I agree that there are inductive biases towards sharing features and/or components. I’m not sure if there’s a good study of what features would be of this sort, vs. which others might actually benefit from being more seperate[1], and I’m not sure how you would do it effectively for a truly broad set of features nor if it would necessarily be that useful anyways, so I tend to just take this on vibes since it’s pretty intuitive based on our own perception of i.e. shapes. That said there are plenty of categories/tasks/features, which I would expect are kinda seperable after some point. Specifically, anything where humans have already applied some sort of division of labor to, like software features vs. biology knowledge features vs. creative writing features, etc… (in the setting of natural language). Obviously, these all might share some basic grammatical or structural core features, but one layer of abstraction up it feels natural that they should be seperable. All this goes to say is that it seems like a good idea to give gradient routing the best possible shot at success might be to try some such partitioning of features/tasks,[2] because unlike 3 and 8 we have some prior reason to believe that they should indeed be rather seperate. Maybe there’s other sources that can motivate what features or tasks to try to route seperately with minimal loss of utility (i.e. like what MoE papers report works well or not) but I haven’t thought about it too much.

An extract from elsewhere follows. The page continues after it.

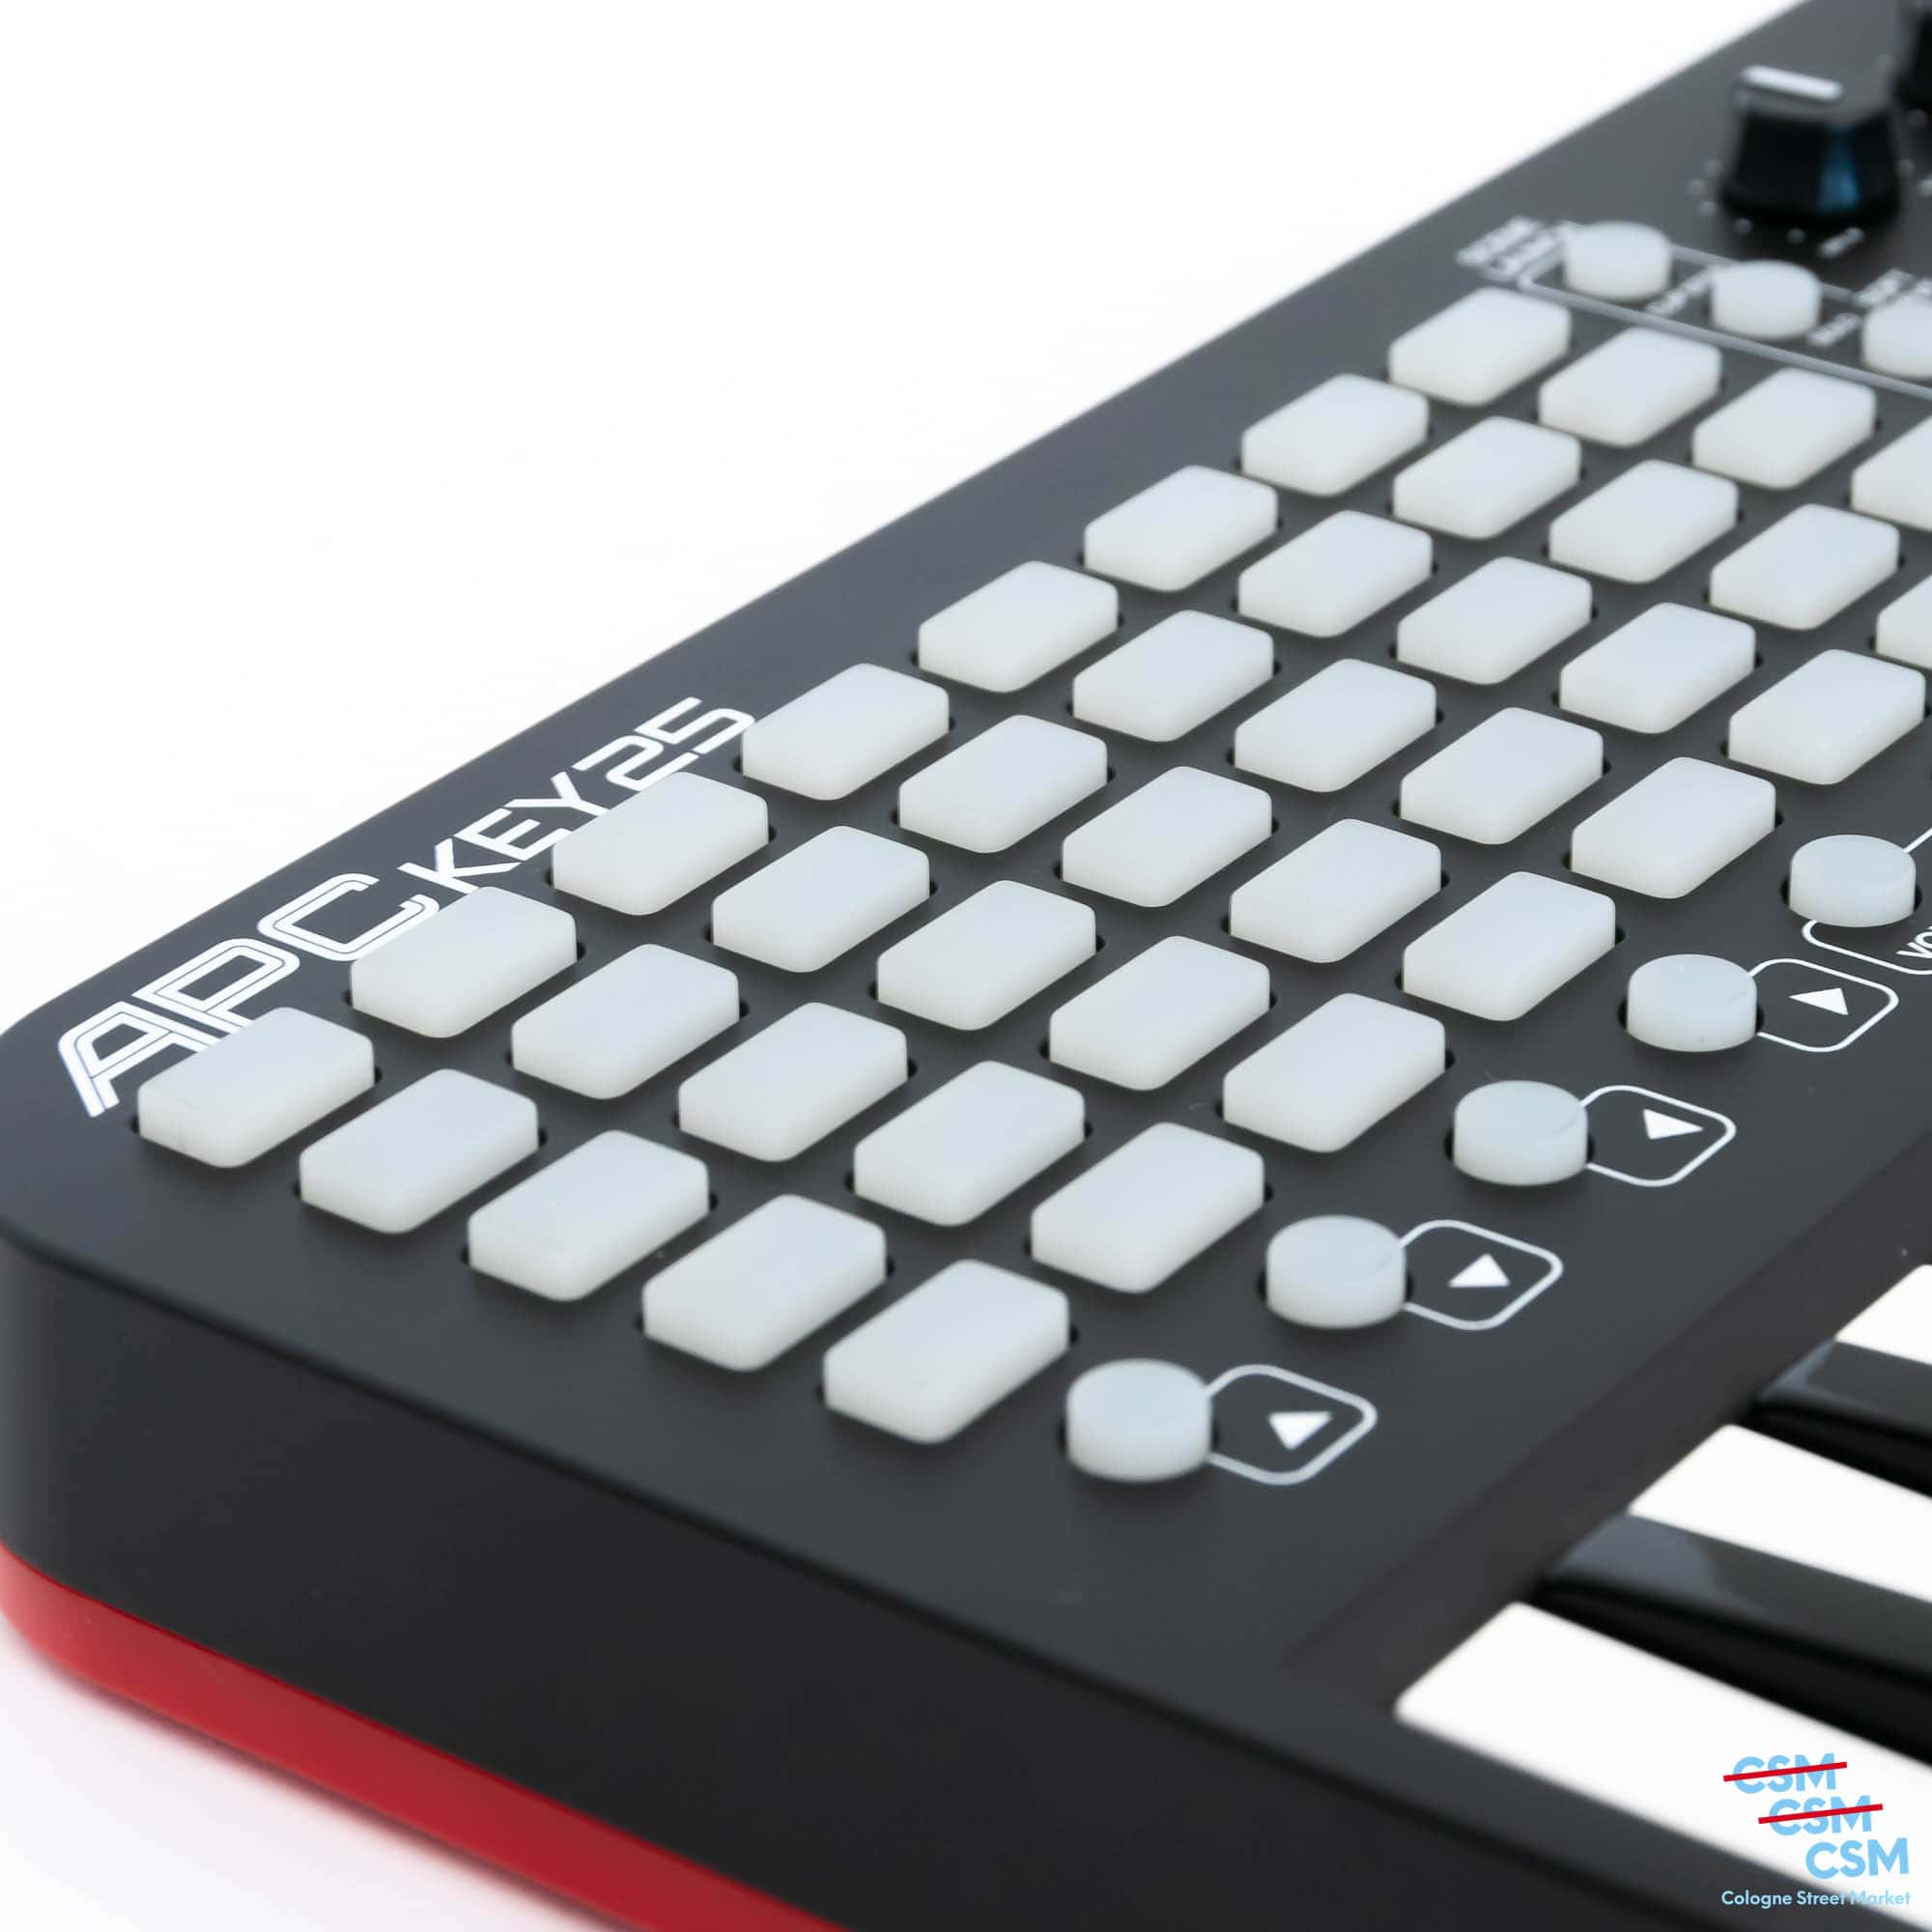 Akai-APC-Key-25-gebraucht-9

One downside here is that all these examples that come to mind are in language settings, and so to get reasonable utiliy to start with you would probably need to be in the 1B-7B model size range.

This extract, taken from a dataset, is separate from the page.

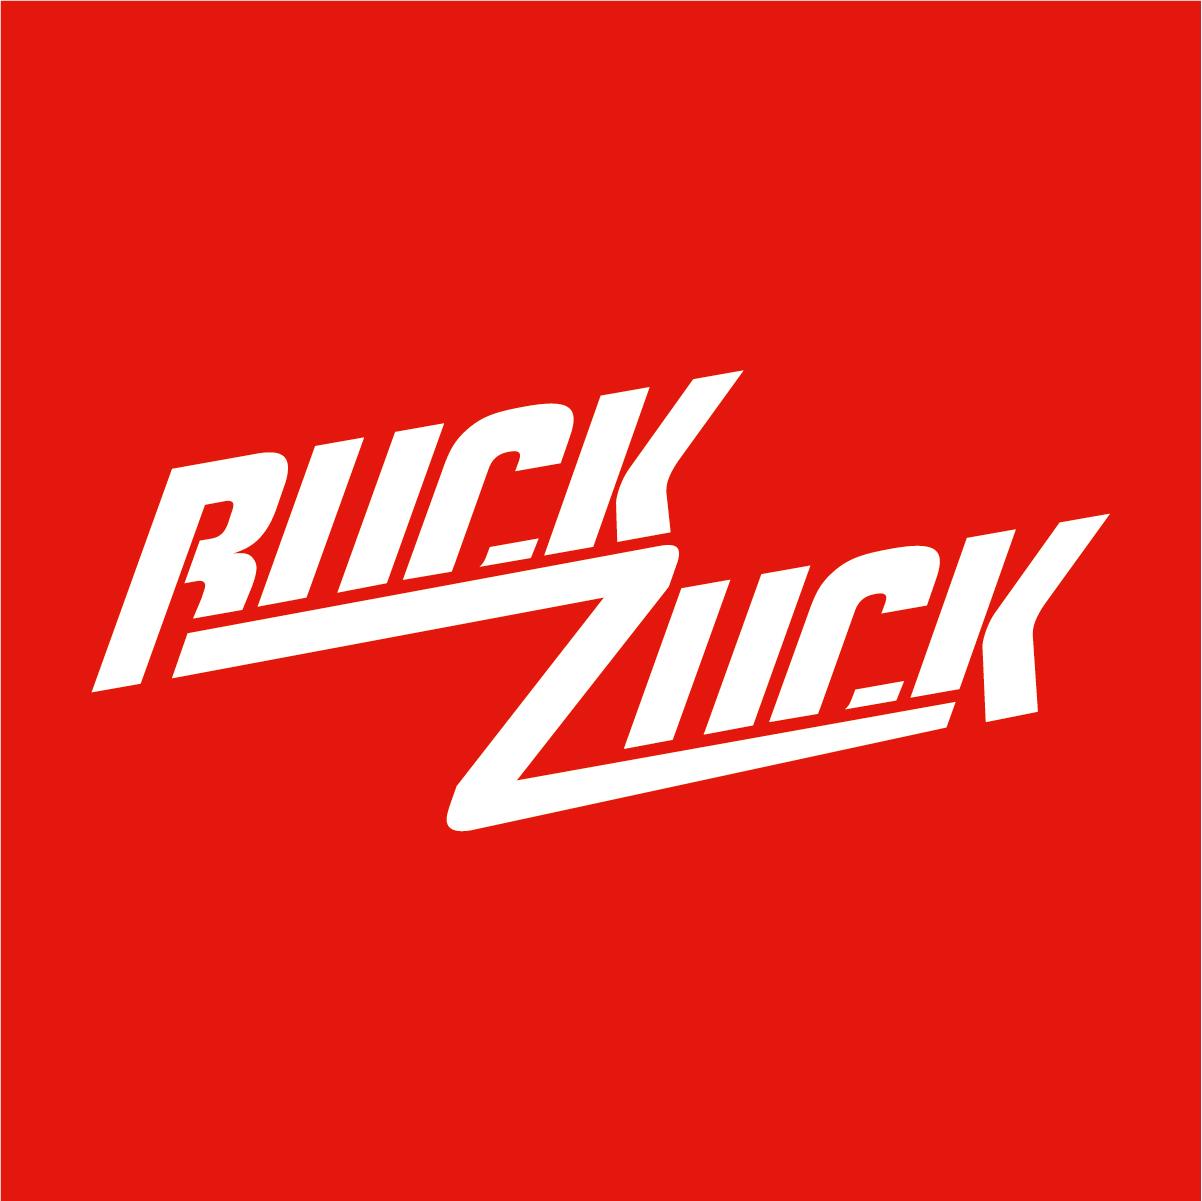 MUSTER CERAMIN VARIO 3mm Fliese x-tra breit+lang Ölschiefer PVC-frei

About the edges. Have you tried all 3 combinations (route both, route one, route the other)? I think the fact that you limit to these edges in mentioned in the appendix Memory section. Surely, routing on activation edges is not actually prohibitive. Worst-case you you can just assign blocks to each category and it’ll basically just be an MoE. This really is just mathematically equivalent to MoE with a specific choice of architecture[3] right? One idea I had vaguely a while ago but it seems rather complicated is to do alternating dense training with MoE-ffication. In the dense training phases you train densly like usual. Then, you use some clever algorithm (think: like interpretability methods on steroids) to decide which parts of the network will get which experts. Then, in the MoE-ffication phase you use the clever algorithm to basically define routes/prune edges (for the chosen partitioning). You go back and repeat. Each expert is somewhat analogous its own network so each new iteration you split further and further. The goal is to get as much splitting for minimal utility cost possible. The resulting model might be smaller/cheaper at inference time and more interpretable. I’m not honestly sure how useful this might be, but I thought it was kind of cool :P
Really all I care about here is that these features don’t lose too much from being seperate. With that said, I guess some features may benefit from being seperated at training time if the train set has some spurious correlations, which it probably does.
Unlearning virology, if you do want cellular biology, seems like the hardest possible task ngl.
You might be weight-sharing or smth.